産業カウンセラーの手島将彦による新連載『こころの本〜生きづらさの正体を探る、産業カウンセラー手島将彦のオススメ本』。

『なぜアーティストは生きづらいのか? 個性的すぎる才能の活かし方』(2016年/リットーミュージック)、『なぜアーティストは壊れやすいのか? 音楽業界から学ぶカウンセリング入門』(2019年/SW)の著者であり、音楽業界を中心にメンタルヘルスの重要性を発信し続けた手島がオススメする本を不定期連載で紹介していきます。

Vol.74『無意識のバイアスを克服する〜個人・組織・社会を変えるアプローチ』

メンタルヘルスや心理学に関して比較的読みやすい本を紹介しているこの連載、74回目は『無意識のバイアスを克服する〜個人・組織・社会を変えるアプローチ』(ジェシカ・ノーデル著・高橋璃子訳・河出書房社)です。

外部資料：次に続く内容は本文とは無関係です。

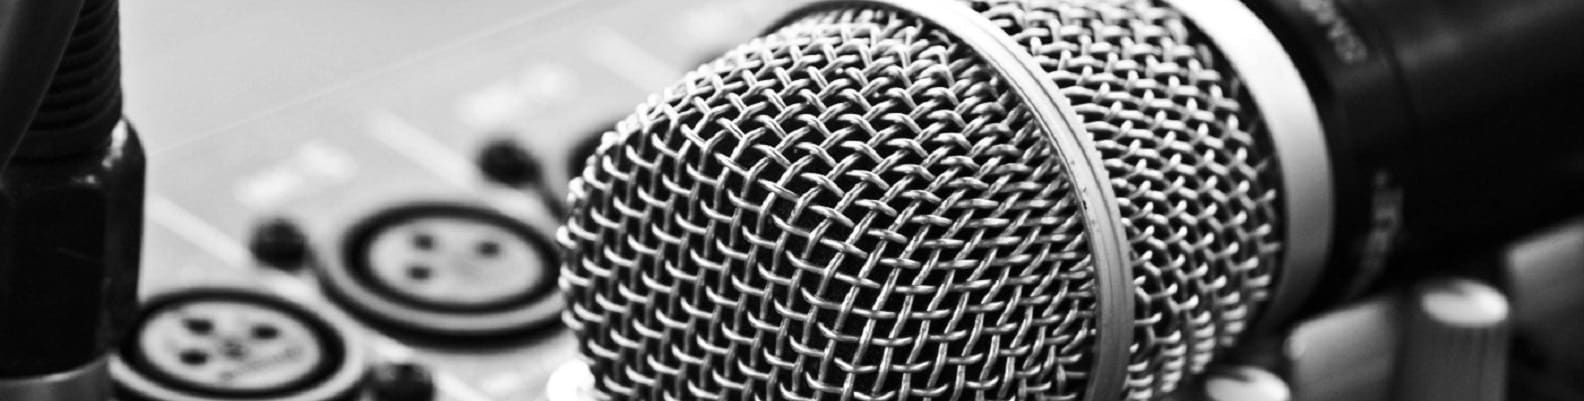 recording microphone linkedin background image
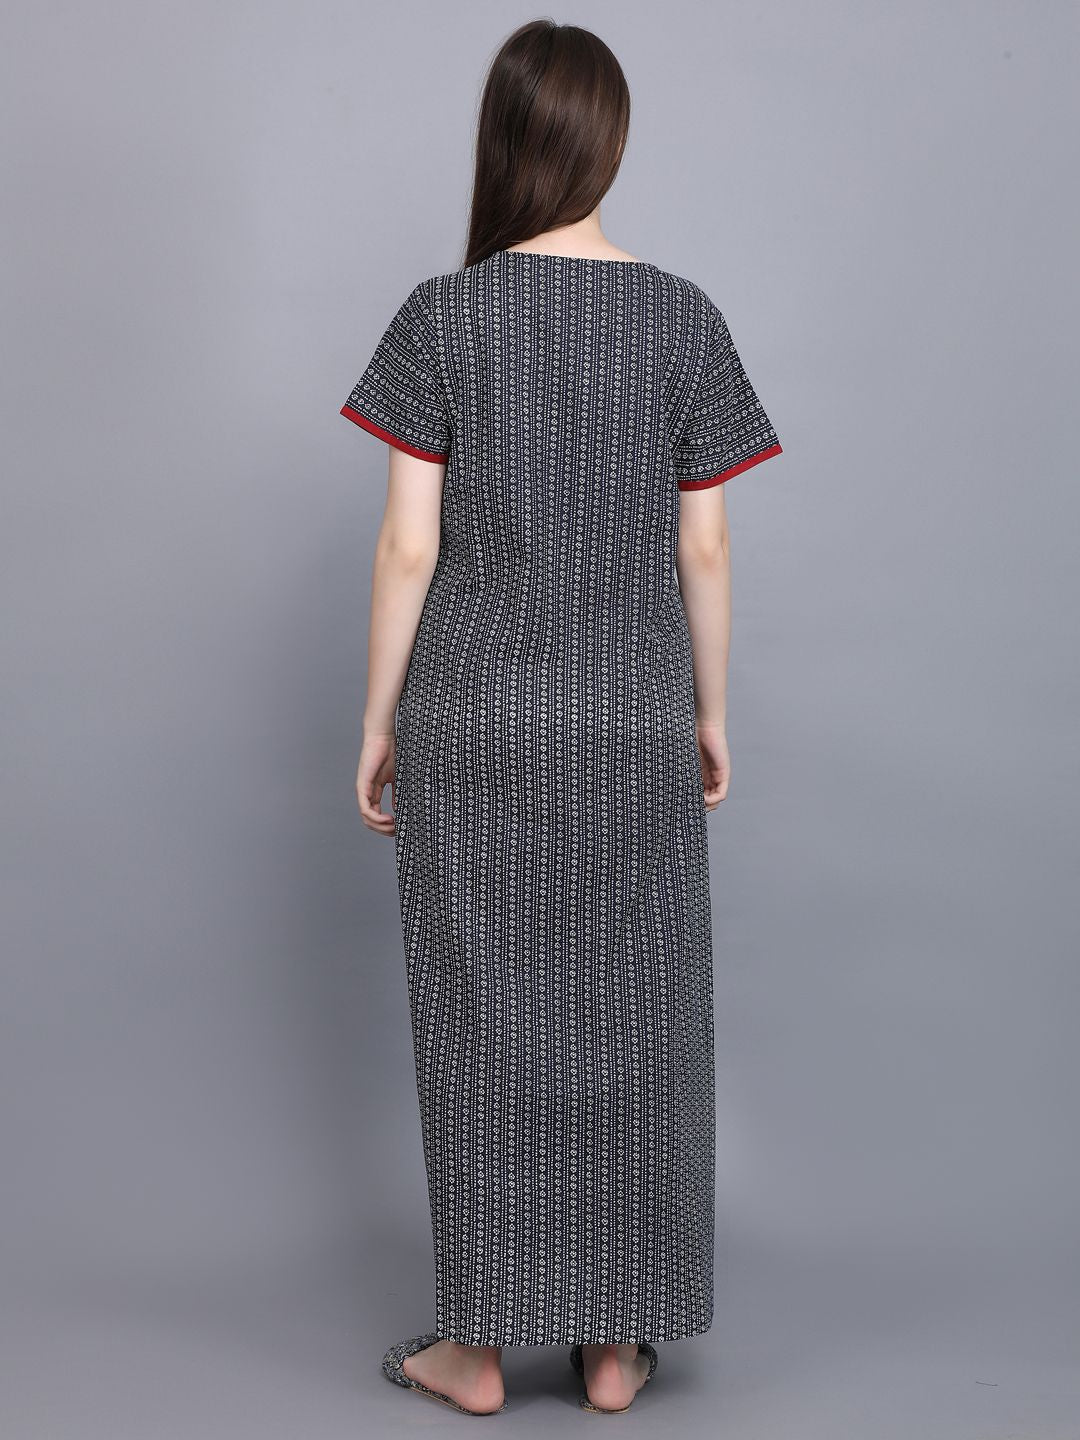 Evolove Women's 100% Cotton Printed Maxi Nightgown Long Nighty Sleepwear for Ladies Super Soft Comfortable Design  (Grey)

無意識のバイアスがどのようにして生まれ、どのように人々の行動や社会に影響を及ぼすのか、そしてそれはいかにして克服できるのか、科学的な視点から様々な事例とともに丁寧に解き明かしていきます。表紙に「思い込みと偏見。女の子にピンク、男の子に青。権力による暴力。賃金の不平等。マイクロアグレッション。見た目や年齢。人種・性差別」と書かれていますが、そのように至る所に無意識のバイアスは影響しています。

特に昨今の日本社会で、入管をめぐる問題やLGBTQに関する議論などを見ていても、その影響は非常に大きいとあらためて感じます。そうした問題を解決していくのは簡単なことではないかもしれませんが、それでも何とか良い方に社会を向かわせることができるかもしれないと思わせてくれる本です。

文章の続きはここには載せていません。